Dans son discours le 8 décembre 1953 devant l’Assemblée générale de l’ONU [3] — connu sous le nom de “Atomes pour la paix“ —, le président des États-Unis, Dwight Eisenhower, soulignait à la fois les bienfaits de l’utilisation pacifique du nucléaire et les dangers que représente l’immense potentiel de destruction des armes atomiques. Il affirmait également la détermination des États-Unis à en faire usage si nécessaire. Pour limiter la prolifération de ces armes, il propose la création d’une agence chargée de contrôler l’usage des matières nucléaires. Elle verra le jour en 1957 sous le nom d’Agence internationale de l’énergie atomique (AIEA). Le TNP, dix ans après, viendra encadrer juridiquement la lutte contre la prolifération.

Le principe de favoriser l’usage purement pacifique du nucléaire, tout en interdisant le développement de son utilisation militaire ôte, de fait, toute efficience à la lutte contre la prolifération. Car le TNP contient cette particularité unique en droit international : l’inscription de deux catégories de membres aux droits et devoirs inégaux. D’un côté, les États “non dotés“ qui renoncent à développer des armes nucléaires, en échange de l’accès au nucléaire “civil“ dans la mesure où leurs installations sont placées sous la surveillance de l’AIEA. De l’autre, les États “dotés“ — qui ont procédé à un essai nucléaire avant l’adoption du traité —, qui peuvent conserver leur arsenal, certes en échange de l’engagement à négocier le désarmement nucléaire, mais sans calendrier, ni contrainte, par exemple, de soumettre leurs installations nucléaires au contrôle de l’AIEA.
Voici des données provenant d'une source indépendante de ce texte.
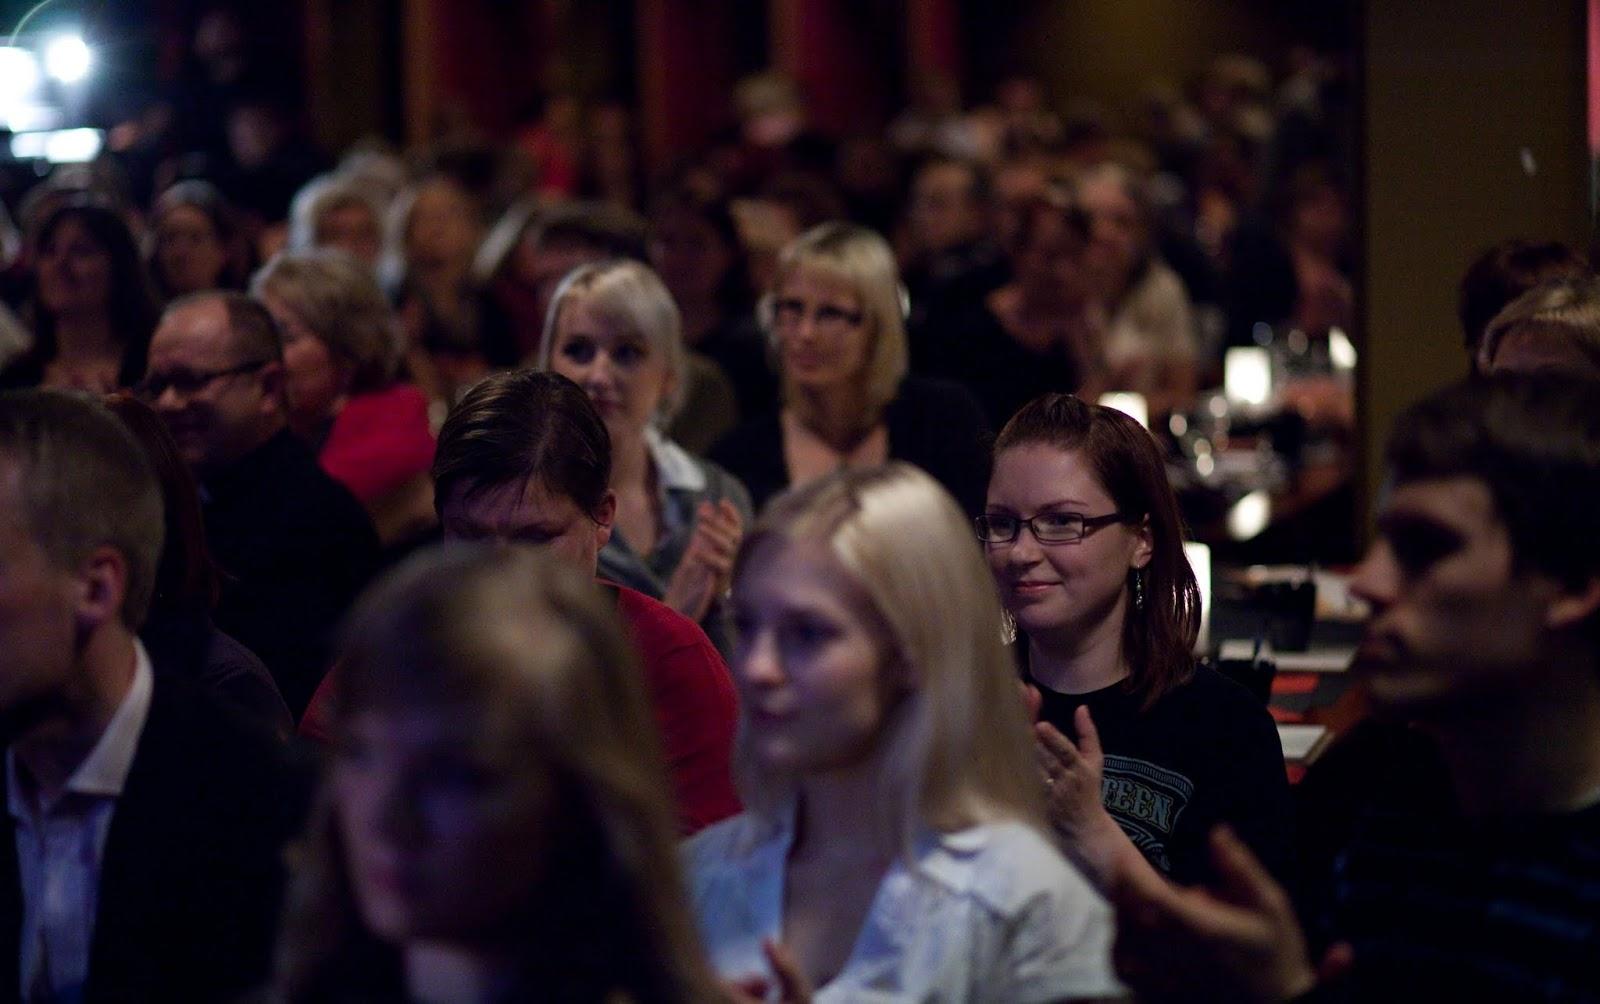 Yleisöllä on lupa nauraa ja itkeä, viihtyä ja vaikuttua - myös samassa illassa.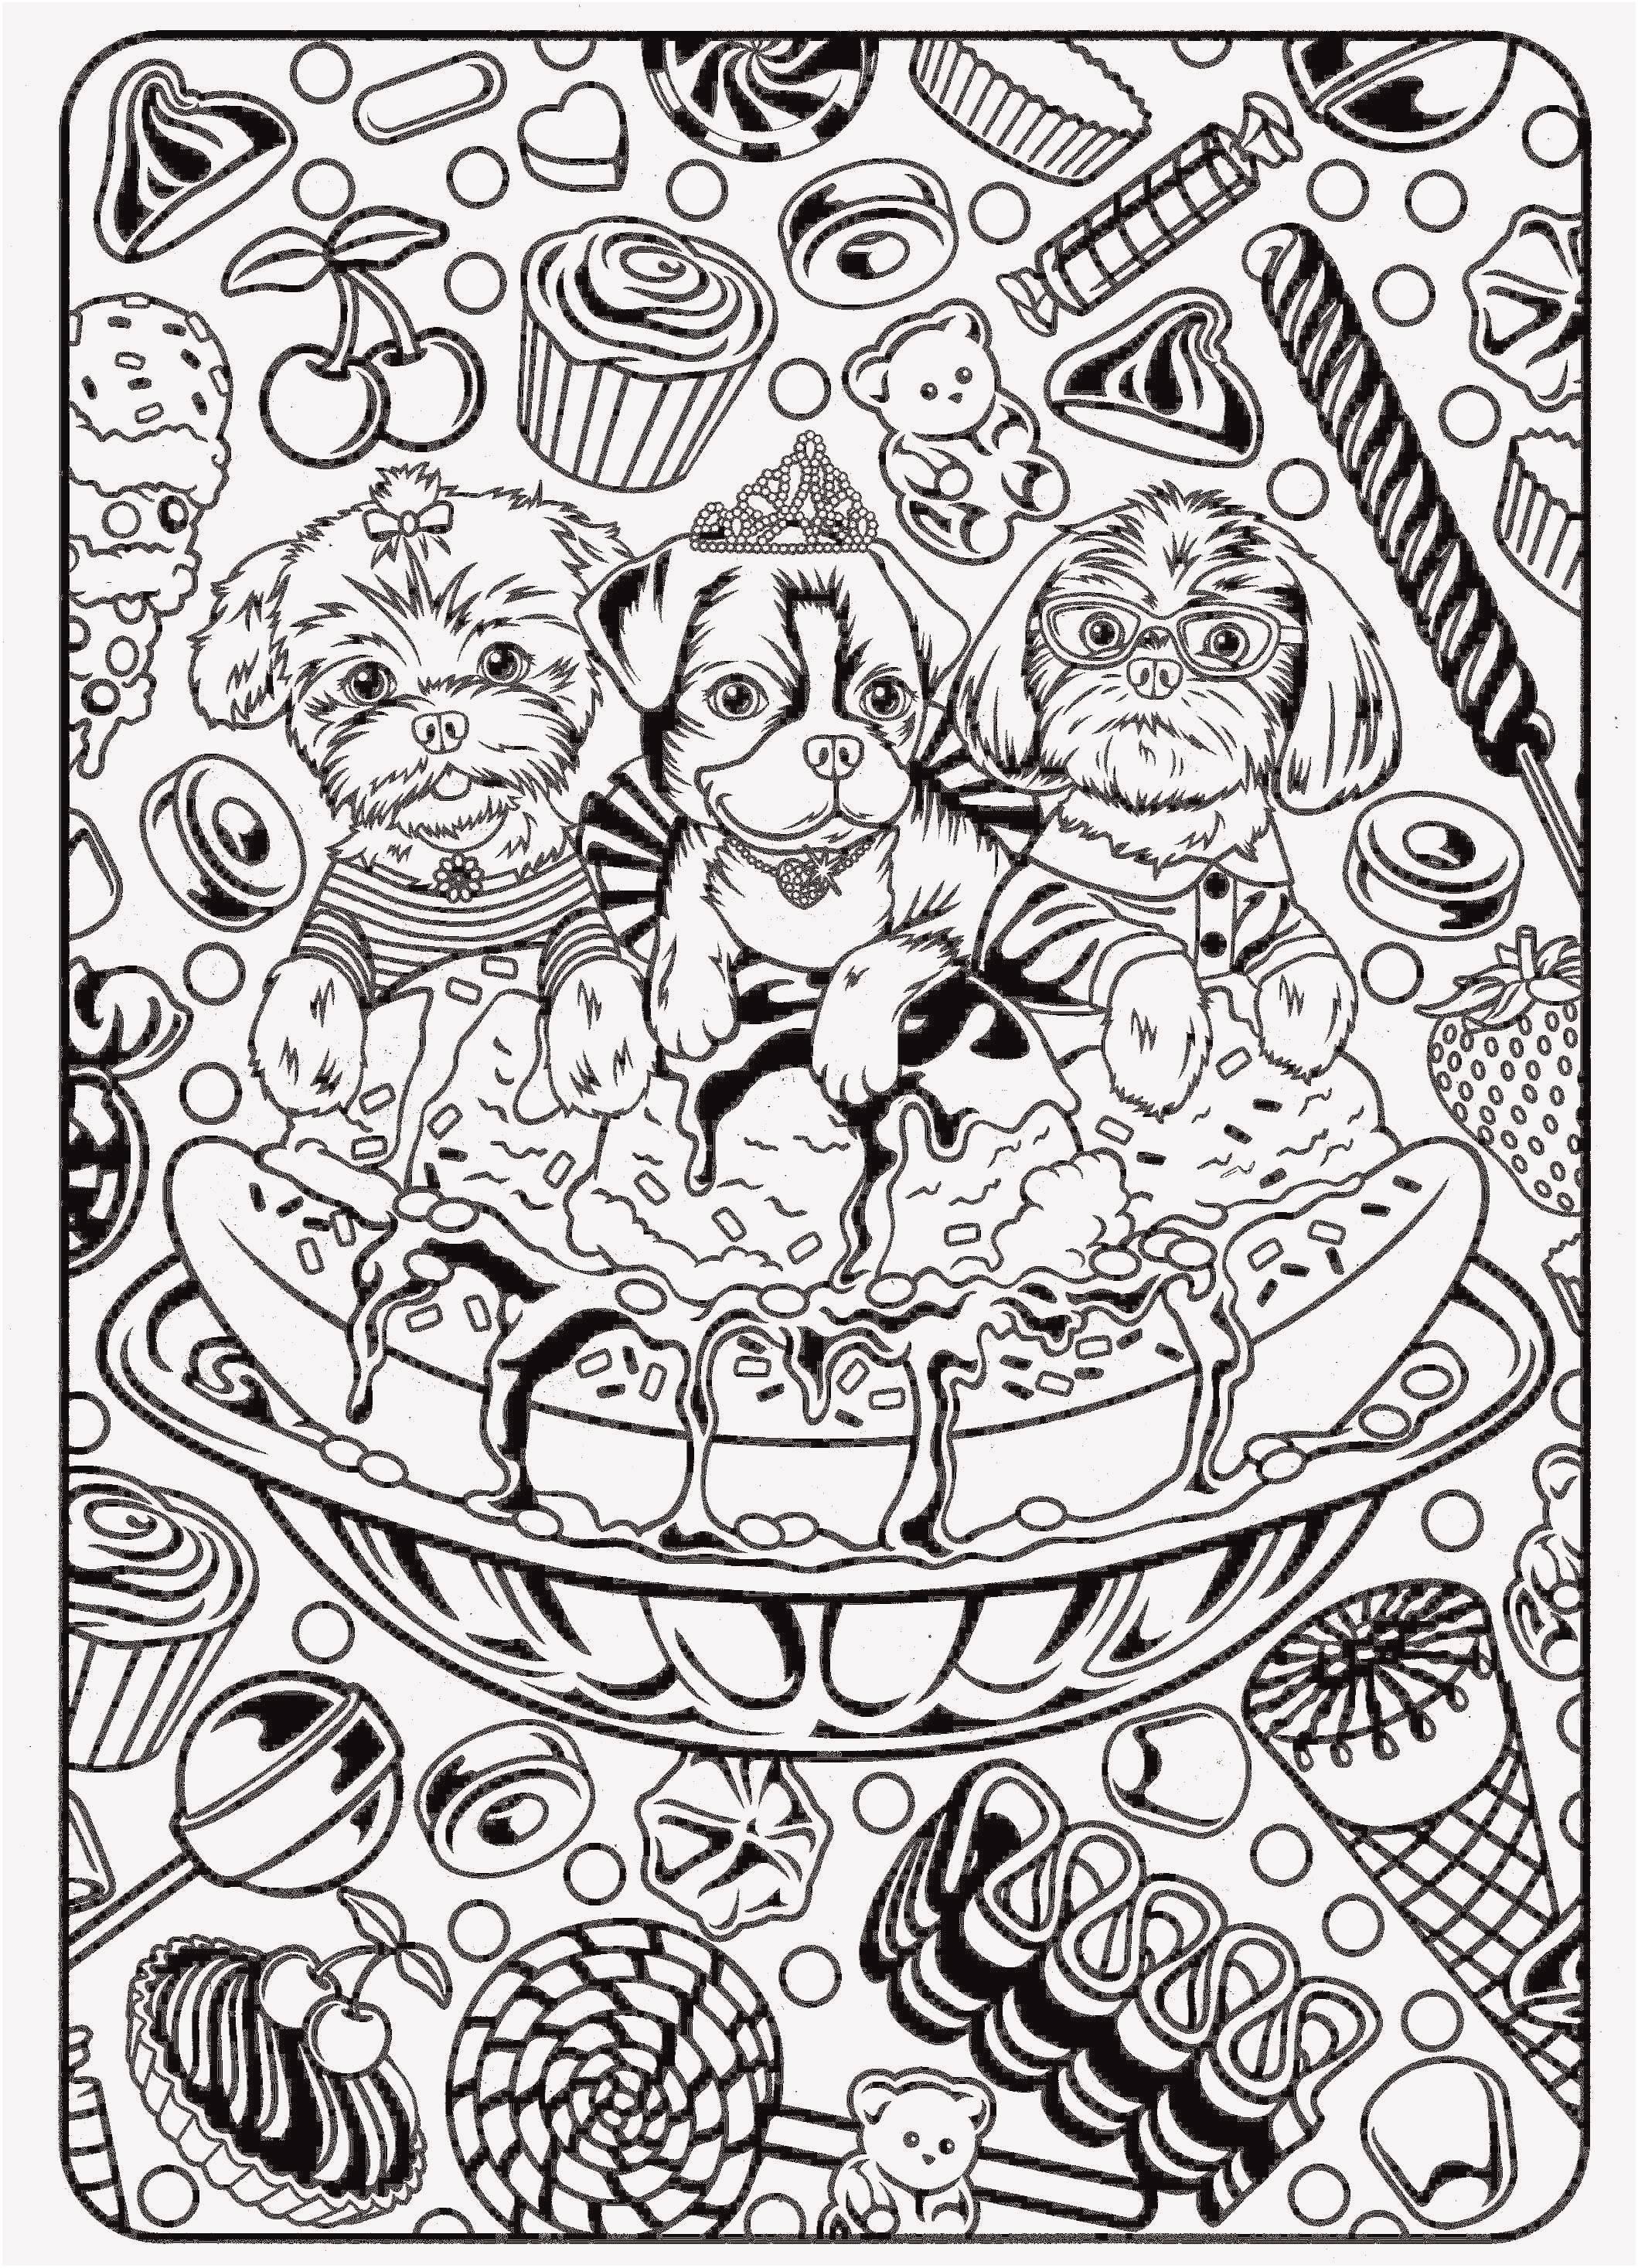 Hello Kitty Malvorlage Genial 40 Fantastisch Hello Kitty Malvorlage – Große Coloring Page Sammlung Bilder

Pour mesurer l’avancée des obligations contractées par chaque membre — accès à l’usage pacifique, lutte contre la prolifération et négociation d’un plan de désarmement nucléaire —, une conférence d’examen se déroule tous les cinq ans. Celle de 2015, faute de consensus, s’est terminée sans l’adoption d’une feuille de route commune, après d’âpres discussions. Raison principale : la non mise en œuvre des mesures prises lors des précédentes conférences d’examen, notamment celle de 1995 concernant l’établissement d’une zone sans armes nucléaires au Moyen-Orient, ou celles adoptées en 2000 et en 2010 concernant le désarmement.

© ShutterStock

Seule solution : l’interdiction

La prochaine conférence d’examen sera encore plus tendue. Les puissances nucléaires, loin de faire un pas en direction du désarmement, ont toutes engagé des processus de renouvellement de leur arsenal nucléaire, et déconstruit les accords existants : retrait des États-Unis de l’accord avec l’Iran ; arrêt du traité américano-russe sur les Forces nucléaires intermédiaires (FNI), etc. Les États non nucléaires ne veulent plus être de simples spectateurs. Dans une large majorité, ils ont participé aux négociations du Traité d’interdiction des armes nucléaires (TIAN) [4] , adopté par l’ONU le 7 juillet 2017.

Le TIAN est la pièce manquante indispensable pour que le désarmement nucléaire puisse juridiquement et concrètement s’engager, en complémentarité avec le TNP. Il interdit la possession, la fabrication, le commerce des armes nucléaires ainsi que la menace d’utilisation, c’est-à-dire la stratégie de la dissuasion nucléaire. Signé au 24 mars 2020 par 81 États et ratifié par 36, le TIAN entrera en vigueur une fois que 50 pays l’auront ratifié, ce qui devrait être fait avant la fin de l’année. La France, comme les autres puissances nucléaires et leurs alliés, refuse de le signer.

À nous de faire en sorte d’inverser la situation.